[DATA — start]
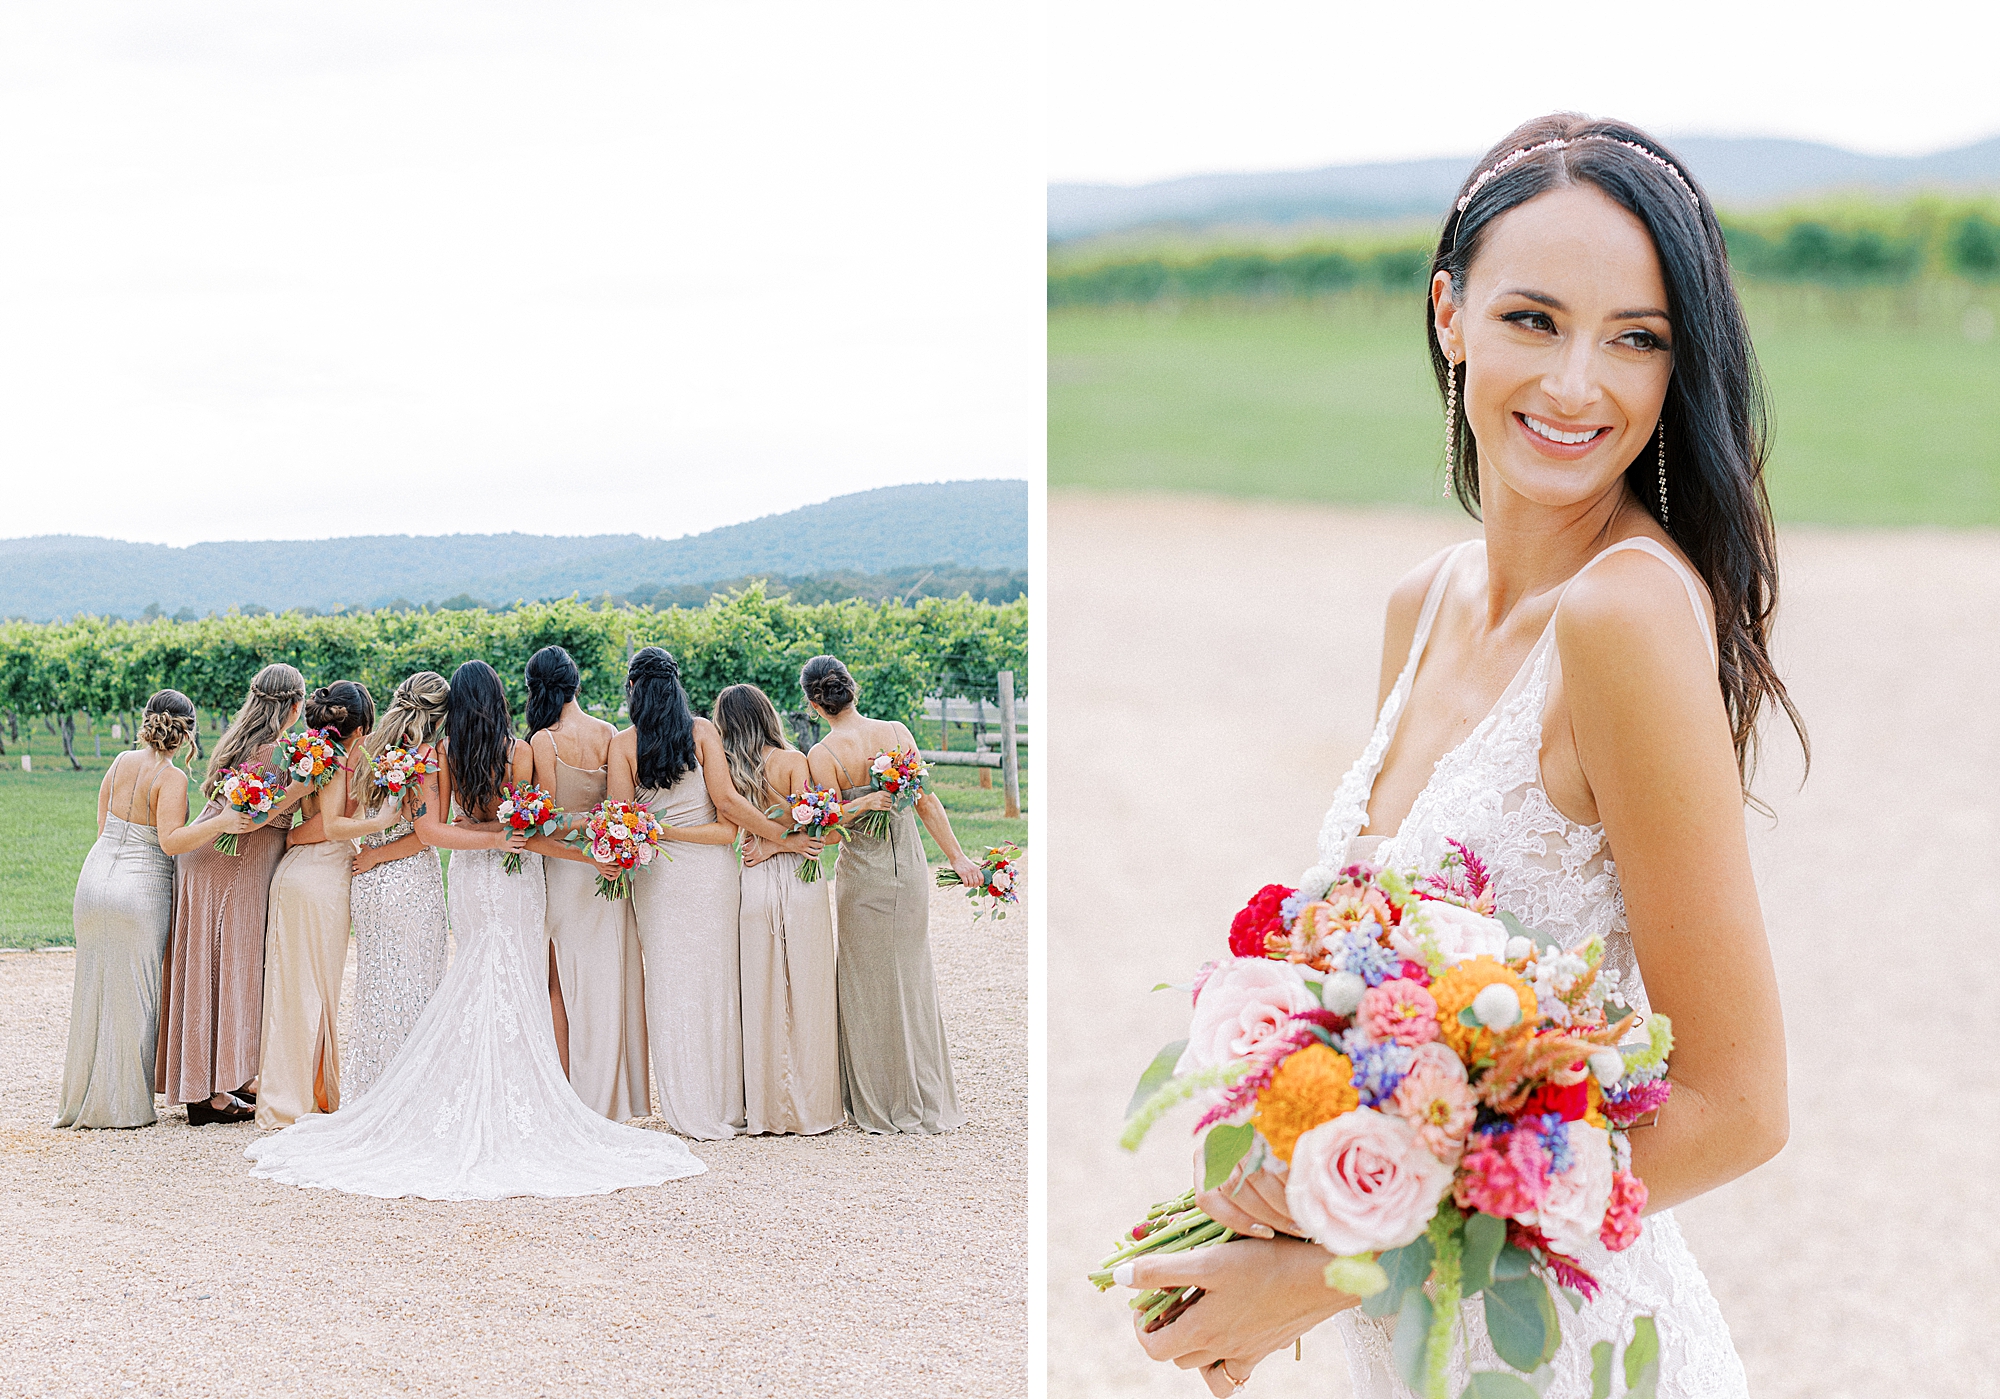 Colorful bouquets with champagne colored bridesmaid dresses.
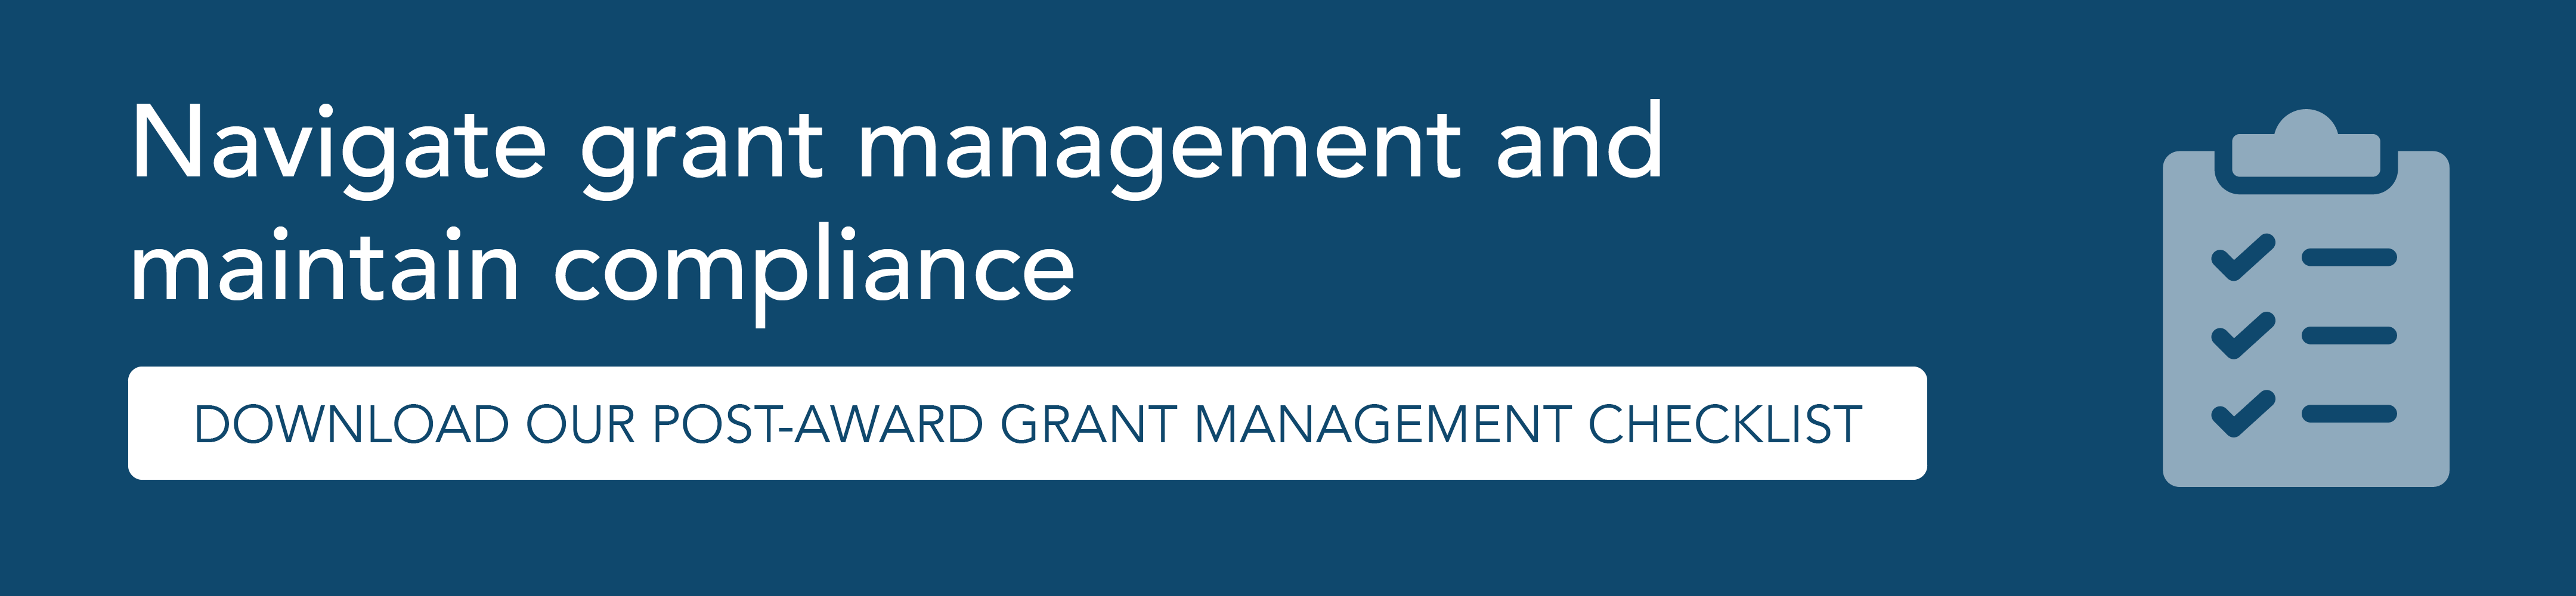 Download our post-award grant management checklist.
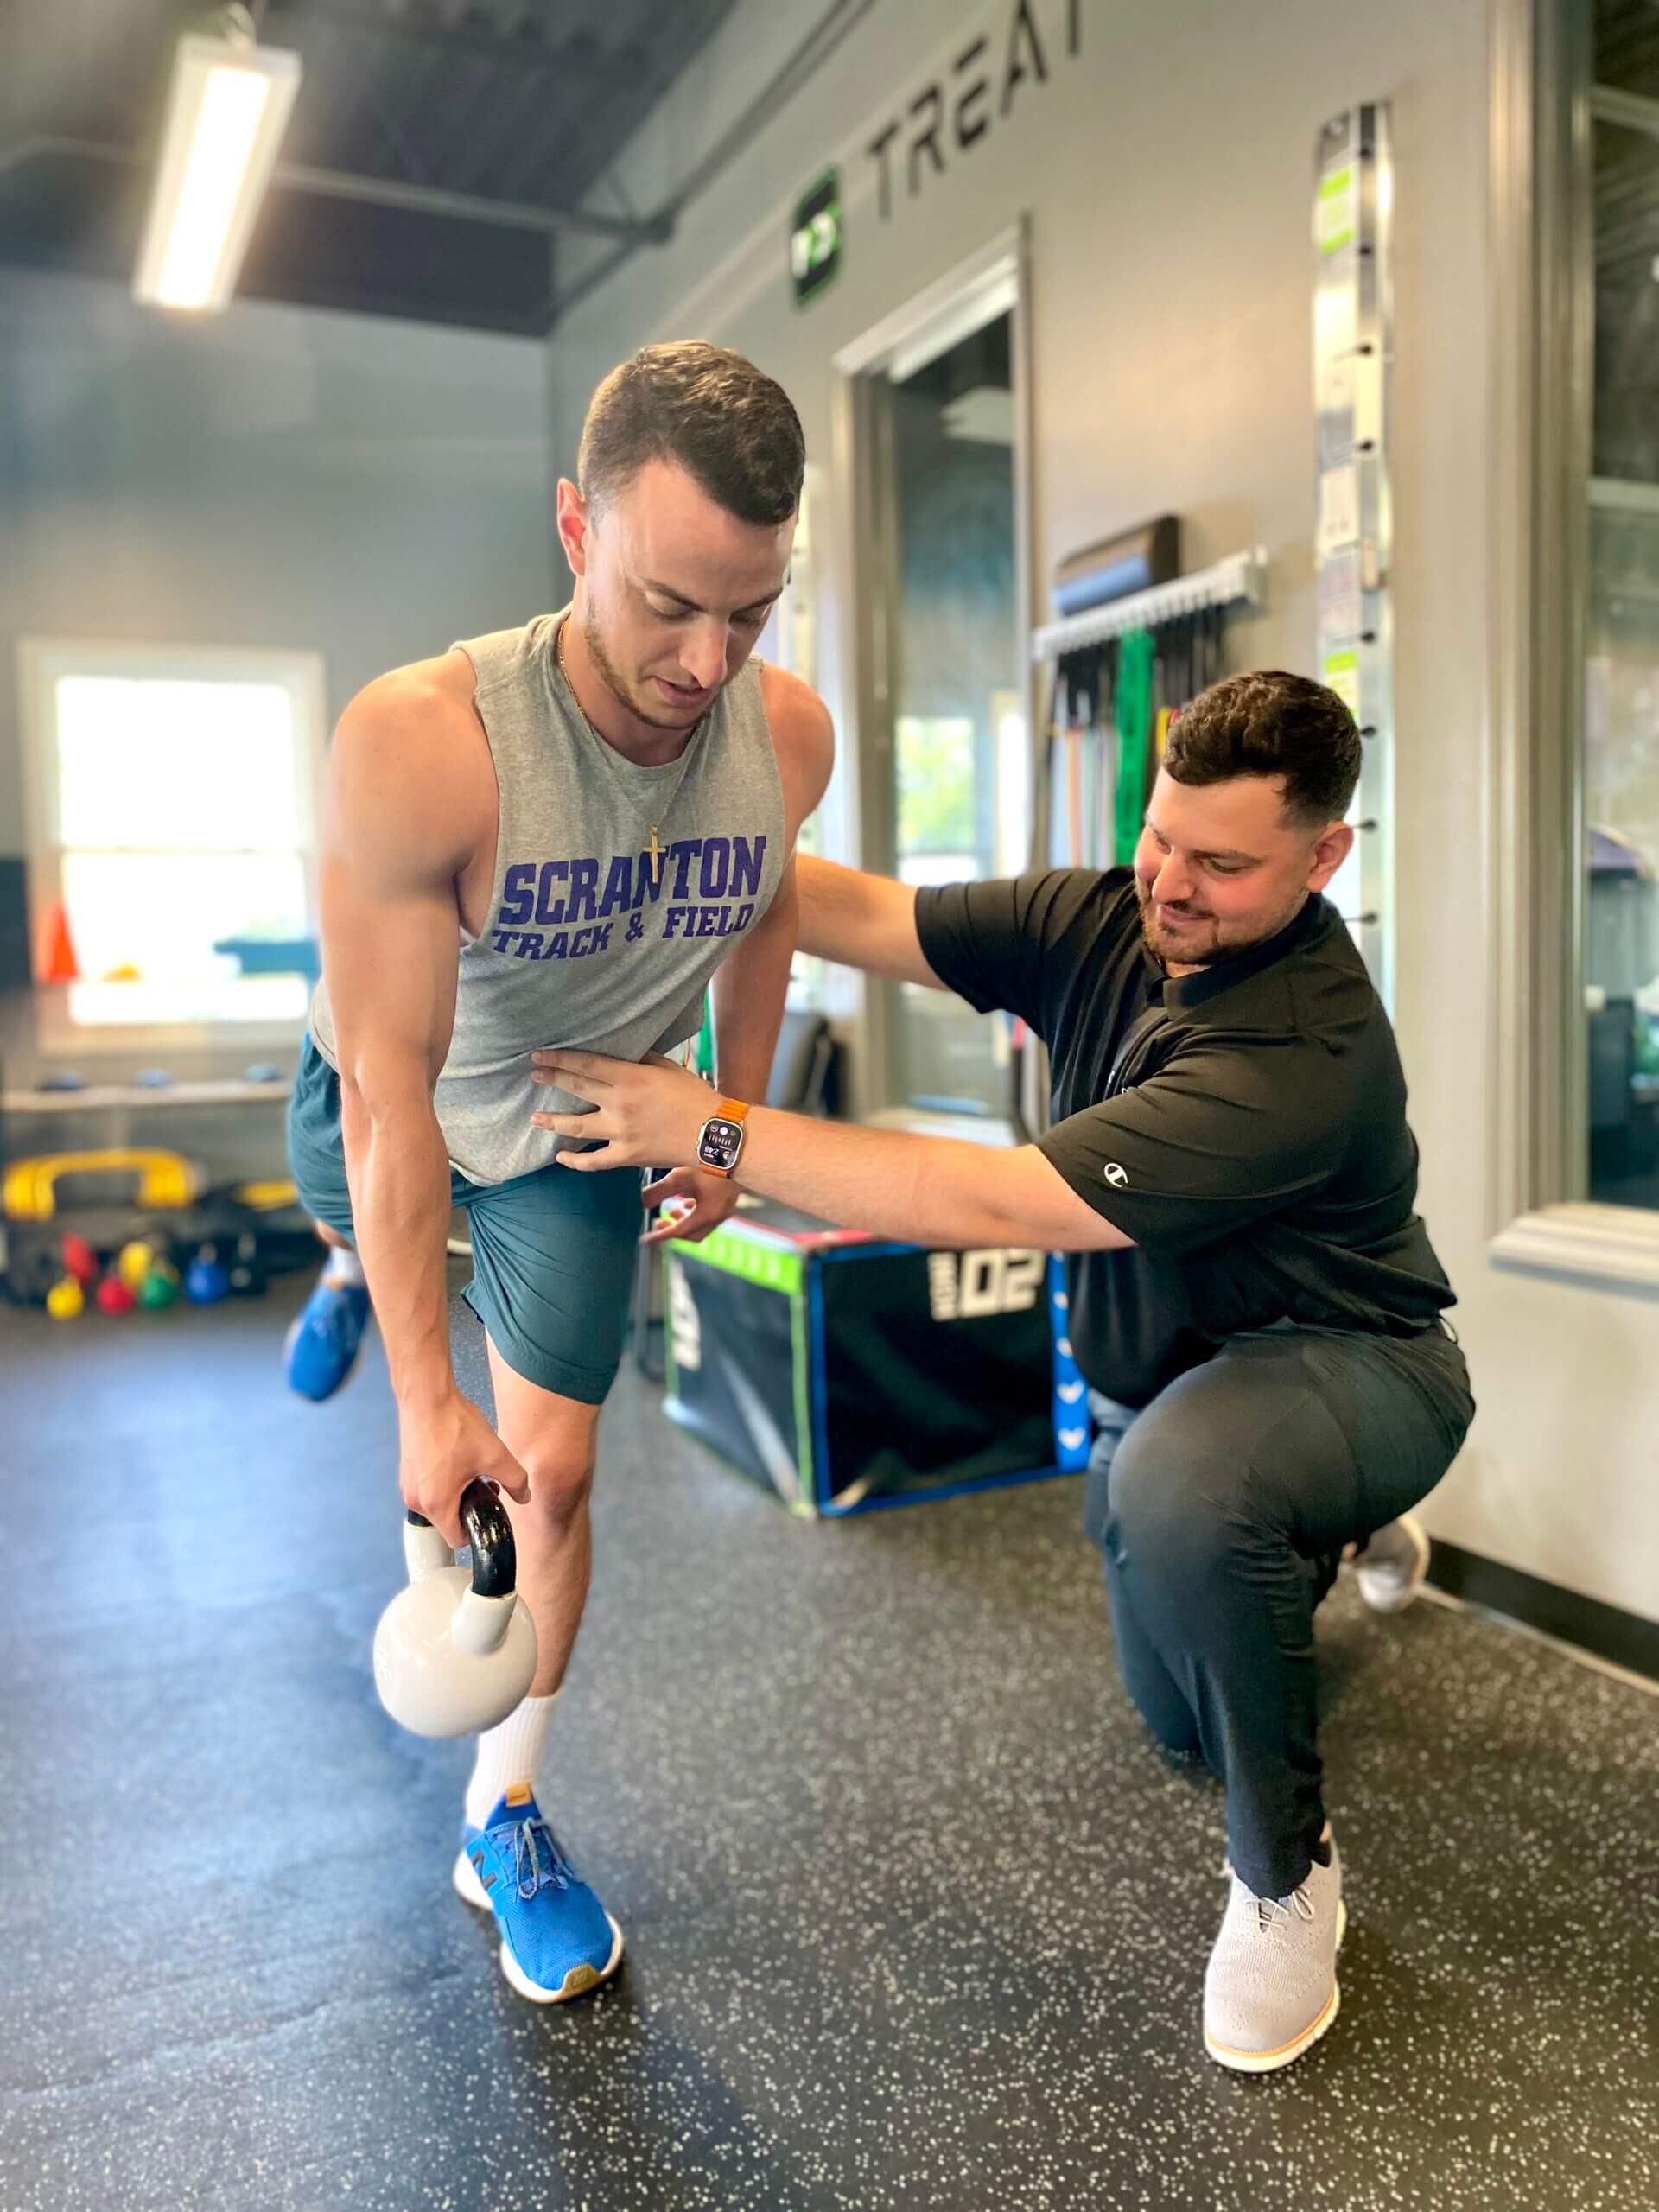 ProClinix Sports Physical Therapy & Chiropractic - Dr John Shlimoun, PT, DPT ensuring this patient has adequate form when performing single leg deadlifts
[DATA — finish]
#### EXERCISE:
The output consists of exactly the lines from the one containing "Download our post-award" through the last line of the listing, both included, with no pictures.

#### SOLUTION BELOW:
 Download our post-award grant management checklist.
 ProClinix Sports Physical Therapy & Chiropractic - Dr John Shlimoun, PT, DPT ensuring this patient has adequate form when performing single leg deadlifts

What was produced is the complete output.